## BRIEF
Show every line of the data where the word "paper" can be found.

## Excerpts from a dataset
==============================
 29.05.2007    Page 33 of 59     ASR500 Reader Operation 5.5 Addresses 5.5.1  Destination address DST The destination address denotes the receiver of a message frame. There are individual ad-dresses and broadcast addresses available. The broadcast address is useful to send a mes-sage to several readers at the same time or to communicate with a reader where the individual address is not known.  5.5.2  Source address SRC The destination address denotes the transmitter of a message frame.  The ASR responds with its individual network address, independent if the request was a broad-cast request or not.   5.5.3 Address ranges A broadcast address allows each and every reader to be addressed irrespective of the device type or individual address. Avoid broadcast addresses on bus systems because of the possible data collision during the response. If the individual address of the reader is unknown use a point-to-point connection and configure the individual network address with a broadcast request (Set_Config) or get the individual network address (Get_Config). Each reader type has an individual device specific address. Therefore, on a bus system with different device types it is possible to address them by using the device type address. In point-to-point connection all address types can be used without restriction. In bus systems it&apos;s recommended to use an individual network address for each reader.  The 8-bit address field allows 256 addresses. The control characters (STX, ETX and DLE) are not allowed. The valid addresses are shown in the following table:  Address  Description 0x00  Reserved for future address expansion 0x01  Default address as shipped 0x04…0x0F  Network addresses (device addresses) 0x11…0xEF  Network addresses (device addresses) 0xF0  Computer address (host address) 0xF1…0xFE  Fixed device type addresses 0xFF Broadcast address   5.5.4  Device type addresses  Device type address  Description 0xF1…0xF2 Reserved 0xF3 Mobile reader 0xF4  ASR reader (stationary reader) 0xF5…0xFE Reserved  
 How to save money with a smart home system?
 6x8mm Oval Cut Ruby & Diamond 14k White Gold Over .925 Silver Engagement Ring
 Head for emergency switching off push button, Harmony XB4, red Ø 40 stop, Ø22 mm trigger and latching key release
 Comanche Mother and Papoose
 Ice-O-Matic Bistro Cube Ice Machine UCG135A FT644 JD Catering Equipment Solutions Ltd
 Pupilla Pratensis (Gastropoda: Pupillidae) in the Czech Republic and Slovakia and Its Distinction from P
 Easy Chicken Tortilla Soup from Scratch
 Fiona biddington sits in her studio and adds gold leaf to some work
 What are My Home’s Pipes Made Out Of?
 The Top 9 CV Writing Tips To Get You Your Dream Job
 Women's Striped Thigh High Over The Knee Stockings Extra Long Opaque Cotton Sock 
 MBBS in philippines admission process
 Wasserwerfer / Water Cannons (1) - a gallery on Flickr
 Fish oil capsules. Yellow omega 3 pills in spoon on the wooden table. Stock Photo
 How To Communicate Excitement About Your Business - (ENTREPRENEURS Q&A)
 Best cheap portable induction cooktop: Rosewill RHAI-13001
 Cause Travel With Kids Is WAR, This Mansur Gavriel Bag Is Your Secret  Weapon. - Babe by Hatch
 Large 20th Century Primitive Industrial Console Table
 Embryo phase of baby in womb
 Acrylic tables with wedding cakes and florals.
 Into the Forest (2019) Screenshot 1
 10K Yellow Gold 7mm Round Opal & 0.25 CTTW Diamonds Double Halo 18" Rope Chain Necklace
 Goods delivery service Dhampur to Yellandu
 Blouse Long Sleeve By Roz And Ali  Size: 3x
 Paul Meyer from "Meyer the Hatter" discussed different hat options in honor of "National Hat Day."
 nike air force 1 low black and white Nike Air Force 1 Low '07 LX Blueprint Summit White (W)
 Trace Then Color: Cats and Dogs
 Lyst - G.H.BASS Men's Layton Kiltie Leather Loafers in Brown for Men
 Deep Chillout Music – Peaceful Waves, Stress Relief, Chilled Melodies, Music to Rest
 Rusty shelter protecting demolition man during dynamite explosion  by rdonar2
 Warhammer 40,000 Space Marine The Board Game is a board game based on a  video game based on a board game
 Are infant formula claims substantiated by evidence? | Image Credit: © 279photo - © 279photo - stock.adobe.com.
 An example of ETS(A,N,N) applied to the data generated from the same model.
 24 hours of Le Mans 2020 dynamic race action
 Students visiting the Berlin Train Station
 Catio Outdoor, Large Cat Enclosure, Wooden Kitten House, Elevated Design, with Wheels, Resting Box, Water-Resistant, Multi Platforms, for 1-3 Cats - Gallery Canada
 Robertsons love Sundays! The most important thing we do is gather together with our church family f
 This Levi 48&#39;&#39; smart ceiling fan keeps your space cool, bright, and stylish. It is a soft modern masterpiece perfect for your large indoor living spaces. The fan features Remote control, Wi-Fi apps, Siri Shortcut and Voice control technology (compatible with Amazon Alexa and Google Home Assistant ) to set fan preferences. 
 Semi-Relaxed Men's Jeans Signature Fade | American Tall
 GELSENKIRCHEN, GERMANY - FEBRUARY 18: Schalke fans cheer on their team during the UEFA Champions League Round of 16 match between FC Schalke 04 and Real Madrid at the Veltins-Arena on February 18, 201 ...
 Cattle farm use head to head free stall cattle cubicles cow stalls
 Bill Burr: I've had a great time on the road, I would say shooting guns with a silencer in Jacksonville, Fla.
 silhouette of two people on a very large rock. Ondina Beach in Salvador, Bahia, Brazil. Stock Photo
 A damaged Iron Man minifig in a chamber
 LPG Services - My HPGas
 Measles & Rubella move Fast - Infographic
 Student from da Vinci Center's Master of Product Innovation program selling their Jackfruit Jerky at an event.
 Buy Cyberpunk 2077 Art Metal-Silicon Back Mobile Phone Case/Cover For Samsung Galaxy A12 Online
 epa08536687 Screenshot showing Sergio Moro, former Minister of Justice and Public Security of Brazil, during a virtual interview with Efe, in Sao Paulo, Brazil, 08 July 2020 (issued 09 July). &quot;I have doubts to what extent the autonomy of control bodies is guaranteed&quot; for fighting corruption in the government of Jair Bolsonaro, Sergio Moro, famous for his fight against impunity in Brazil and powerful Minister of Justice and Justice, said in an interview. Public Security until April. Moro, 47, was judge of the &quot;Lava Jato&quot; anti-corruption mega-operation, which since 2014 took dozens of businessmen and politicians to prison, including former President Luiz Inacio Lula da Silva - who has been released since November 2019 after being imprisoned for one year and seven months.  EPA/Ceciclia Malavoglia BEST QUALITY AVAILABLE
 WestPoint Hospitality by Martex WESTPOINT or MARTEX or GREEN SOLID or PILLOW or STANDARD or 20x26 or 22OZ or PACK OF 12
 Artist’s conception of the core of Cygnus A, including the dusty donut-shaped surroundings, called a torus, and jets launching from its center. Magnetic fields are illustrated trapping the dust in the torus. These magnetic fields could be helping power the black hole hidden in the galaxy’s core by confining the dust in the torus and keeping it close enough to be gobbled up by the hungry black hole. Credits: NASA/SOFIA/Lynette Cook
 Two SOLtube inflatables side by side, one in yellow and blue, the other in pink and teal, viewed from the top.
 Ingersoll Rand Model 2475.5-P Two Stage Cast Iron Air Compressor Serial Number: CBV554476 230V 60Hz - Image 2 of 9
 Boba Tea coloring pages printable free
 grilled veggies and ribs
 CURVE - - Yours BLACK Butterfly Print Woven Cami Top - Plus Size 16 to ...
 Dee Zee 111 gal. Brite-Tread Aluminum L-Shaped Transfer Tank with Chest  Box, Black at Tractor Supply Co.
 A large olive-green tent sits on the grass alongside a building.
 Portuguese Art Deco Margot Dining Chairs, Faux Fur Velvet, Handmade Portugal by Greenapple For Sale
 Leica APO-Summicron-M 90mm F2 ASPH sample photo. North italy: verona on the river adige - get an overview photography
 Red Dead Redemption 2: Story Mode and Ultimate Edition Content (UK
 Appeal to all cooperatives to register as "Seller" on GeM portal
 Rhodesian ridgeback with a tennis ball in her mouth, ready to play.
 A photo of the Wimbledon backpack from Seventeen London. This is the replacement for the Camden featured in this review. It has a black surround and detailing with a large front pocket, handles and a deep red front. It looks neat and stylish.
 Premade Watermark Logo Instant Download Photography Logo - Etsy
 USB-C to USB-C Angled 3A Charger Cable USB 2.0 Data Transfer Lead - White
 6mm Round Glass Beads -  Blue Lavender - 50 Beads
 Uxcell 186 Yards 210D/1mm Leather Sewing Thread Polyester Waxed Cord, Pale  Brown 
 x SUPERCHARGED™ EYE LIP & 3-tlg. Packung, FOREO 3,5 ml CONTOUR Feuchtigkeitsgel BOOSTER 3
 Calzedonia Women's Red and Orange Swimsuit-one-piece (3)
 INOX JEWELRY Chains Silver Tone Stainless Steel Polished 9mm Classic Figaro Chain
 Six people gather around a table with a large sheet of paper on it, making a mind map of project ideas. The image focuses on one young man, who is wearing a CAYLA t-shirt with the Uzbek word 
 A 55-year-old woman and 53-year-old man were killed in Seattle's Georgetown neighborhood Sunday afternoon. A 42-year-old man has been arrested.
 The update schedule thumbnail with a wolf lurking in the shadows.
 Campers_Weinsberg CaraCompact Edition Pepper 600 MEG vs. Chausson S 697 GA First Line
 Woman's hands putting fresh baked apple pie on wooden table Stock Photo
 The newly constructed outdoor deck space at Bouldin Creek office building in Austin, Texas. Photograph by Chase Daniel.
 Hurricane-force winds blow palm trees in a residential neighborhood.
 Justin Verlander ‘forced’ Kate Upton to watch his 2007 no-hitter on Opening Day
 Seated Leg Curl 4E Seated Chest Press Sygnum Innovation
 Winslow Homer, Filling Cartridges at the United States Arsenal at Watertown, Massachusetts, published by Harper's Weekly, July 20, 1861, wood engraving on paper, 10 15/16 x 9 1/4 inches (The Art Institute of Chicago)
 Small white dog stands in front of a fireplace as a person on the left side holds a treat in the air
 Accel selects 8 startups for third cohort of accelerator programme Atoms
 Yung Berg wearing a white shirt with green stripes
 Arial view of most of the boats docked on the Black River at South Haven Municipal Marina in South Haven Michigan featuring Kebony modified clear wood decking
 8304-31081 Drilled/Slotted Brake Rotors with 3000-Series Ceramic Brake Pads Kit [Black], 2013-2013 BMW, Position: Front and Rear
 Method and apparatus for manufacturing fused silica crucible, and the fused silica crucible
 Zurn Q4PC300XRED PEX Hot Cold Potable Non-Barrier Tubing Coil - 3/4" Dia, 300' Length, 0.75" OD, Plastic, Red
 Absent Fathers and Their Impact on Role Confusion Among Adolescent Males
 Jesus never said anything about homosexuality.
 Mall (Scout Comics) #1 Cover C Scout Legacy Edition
==============================
## EXPECTED ANSWER
 Six people gather around a table with a large sheet of paper on it, making a mind map of project ideas. The image focuses on one young man, who is wearing a CAYLA t-shirt with the Uzbek word 
 Winslow Homer, Filling Cartridges at the United States Arsenal at Watertown, Massachusetts, published by Harper's Weekly, July 20, 1861, wood engraving on paper, 10 15/16 x 9 1/4 inches (The Art Institute of Chicago)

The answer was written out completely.